**WORK REQUEST**
Nothing in the listing should be altered when it is copied, and no picture goes into the copy.

**SUPPLIED INFORMATION**
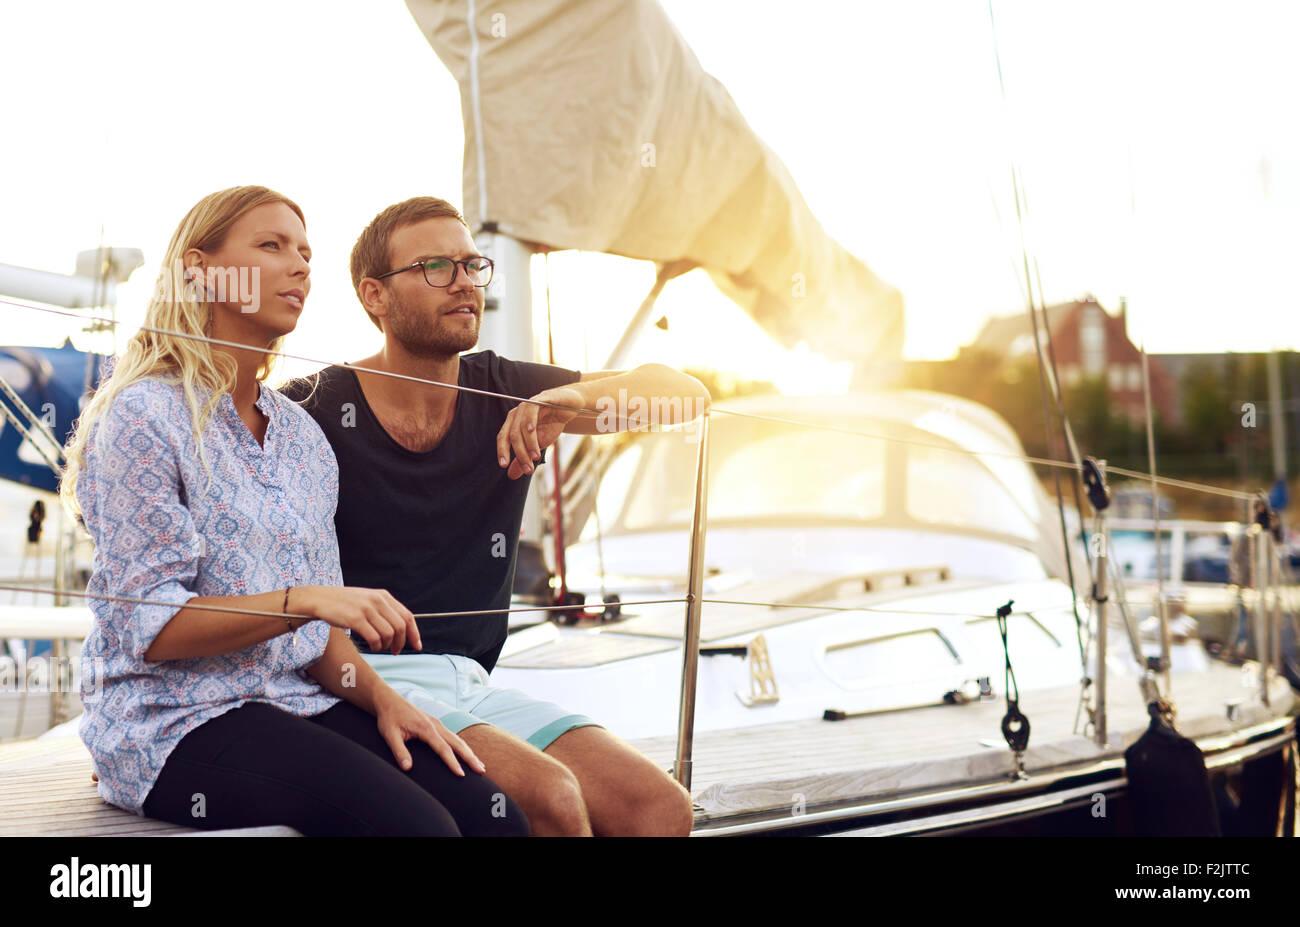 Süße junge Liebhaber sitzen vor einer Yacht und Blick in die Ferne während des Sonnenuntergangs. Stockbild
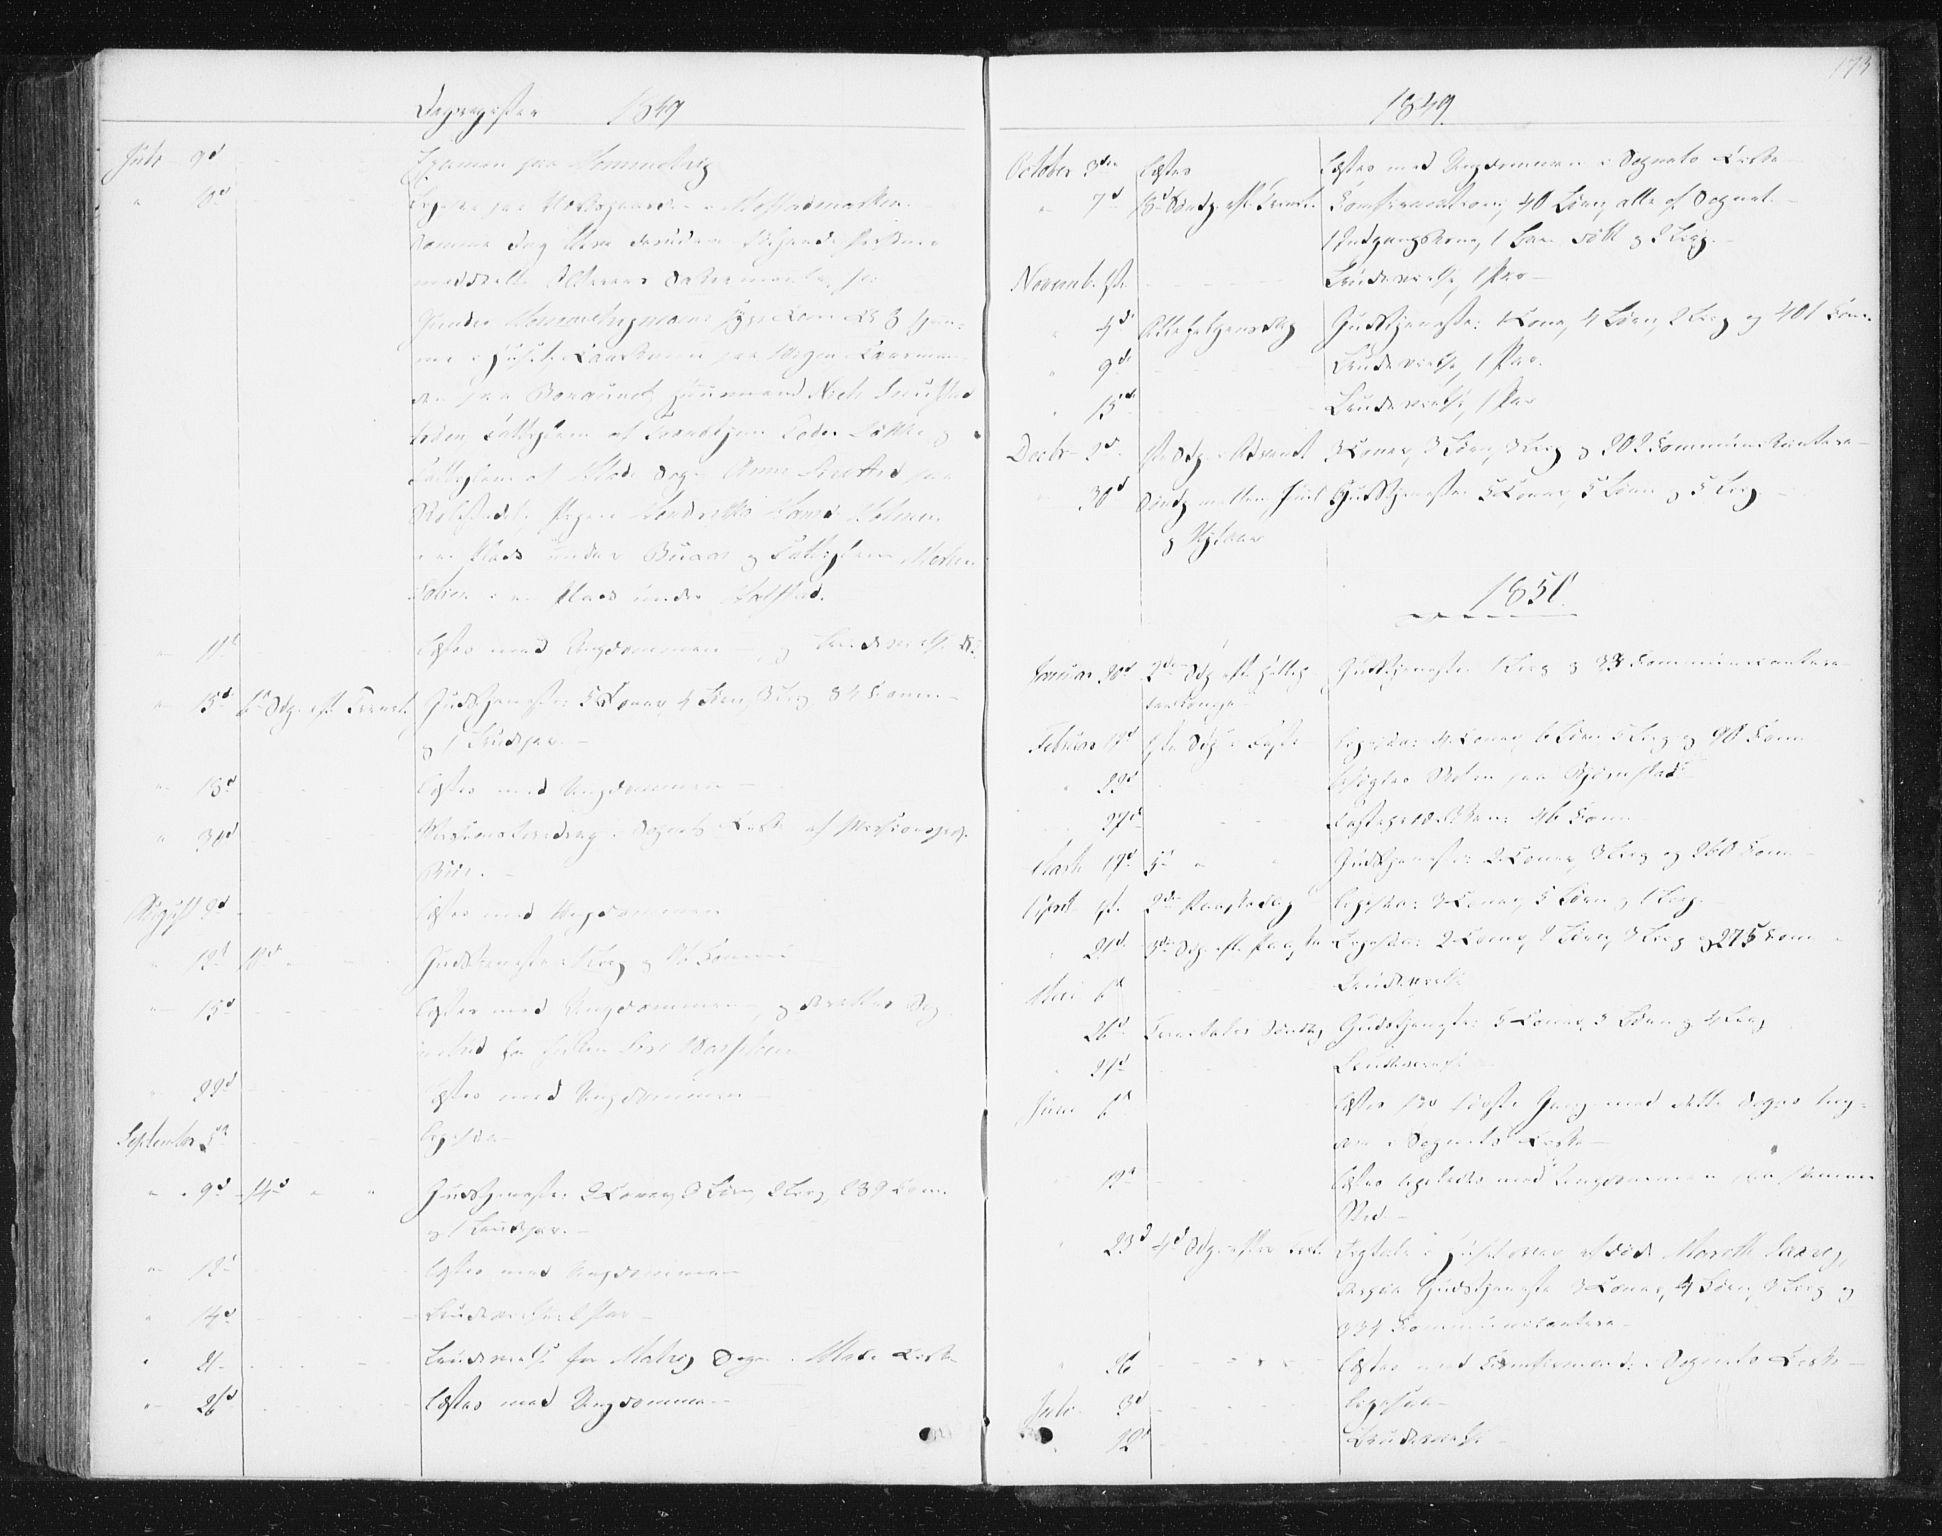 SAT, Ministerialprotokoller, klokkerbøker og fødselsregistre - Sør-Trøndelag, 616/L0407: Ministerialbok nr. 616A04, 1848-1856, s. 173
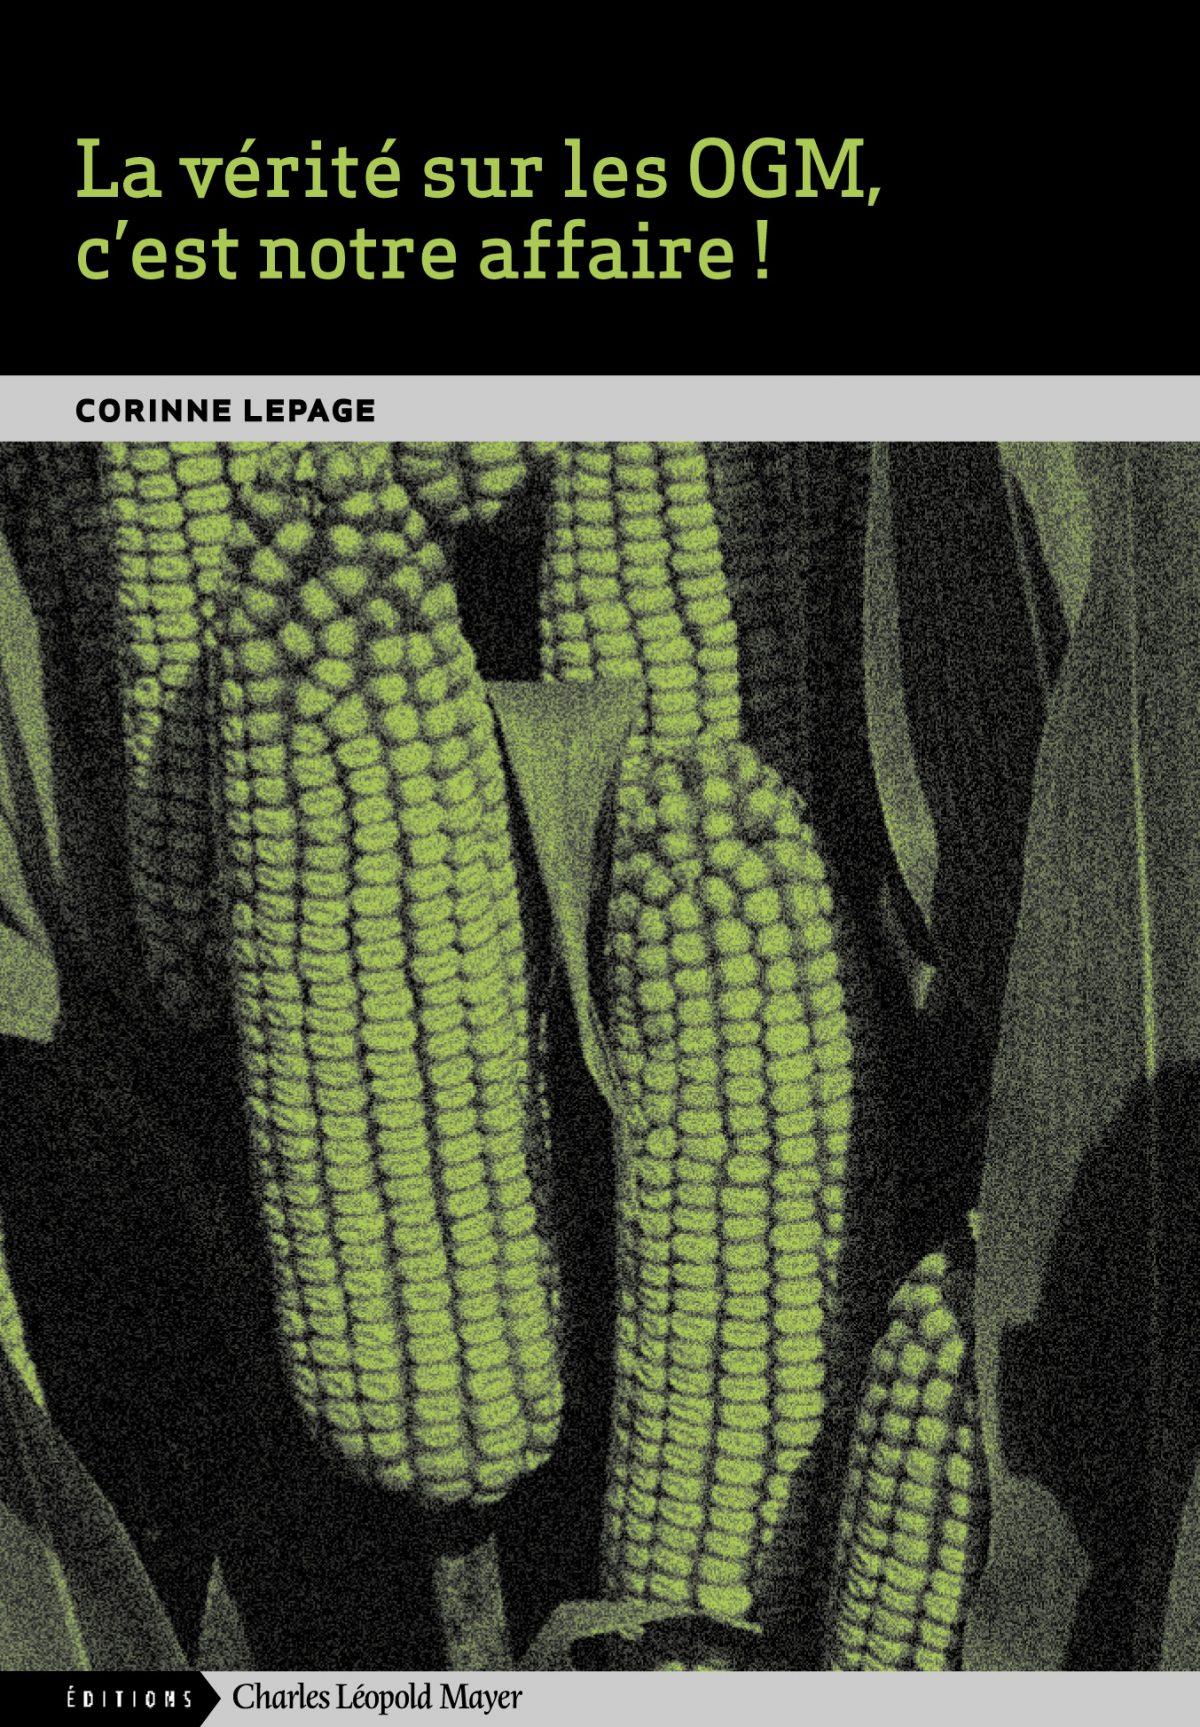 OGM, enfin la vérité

**PROBLEM SOLUTION**
 Süße junge Liebhaber sitzen vor einer Yacht und Blick in die Ferne während des Sonnenuntergangs. Stockbild
 SAT, Ministerialprotokoller, klokkerbøker og fødselsregistre - Sør-Trøndelag, 616/L0407: Ministerialbok nr. 616A04, 1848-1856, s. 173
 OGM, enfin la vérité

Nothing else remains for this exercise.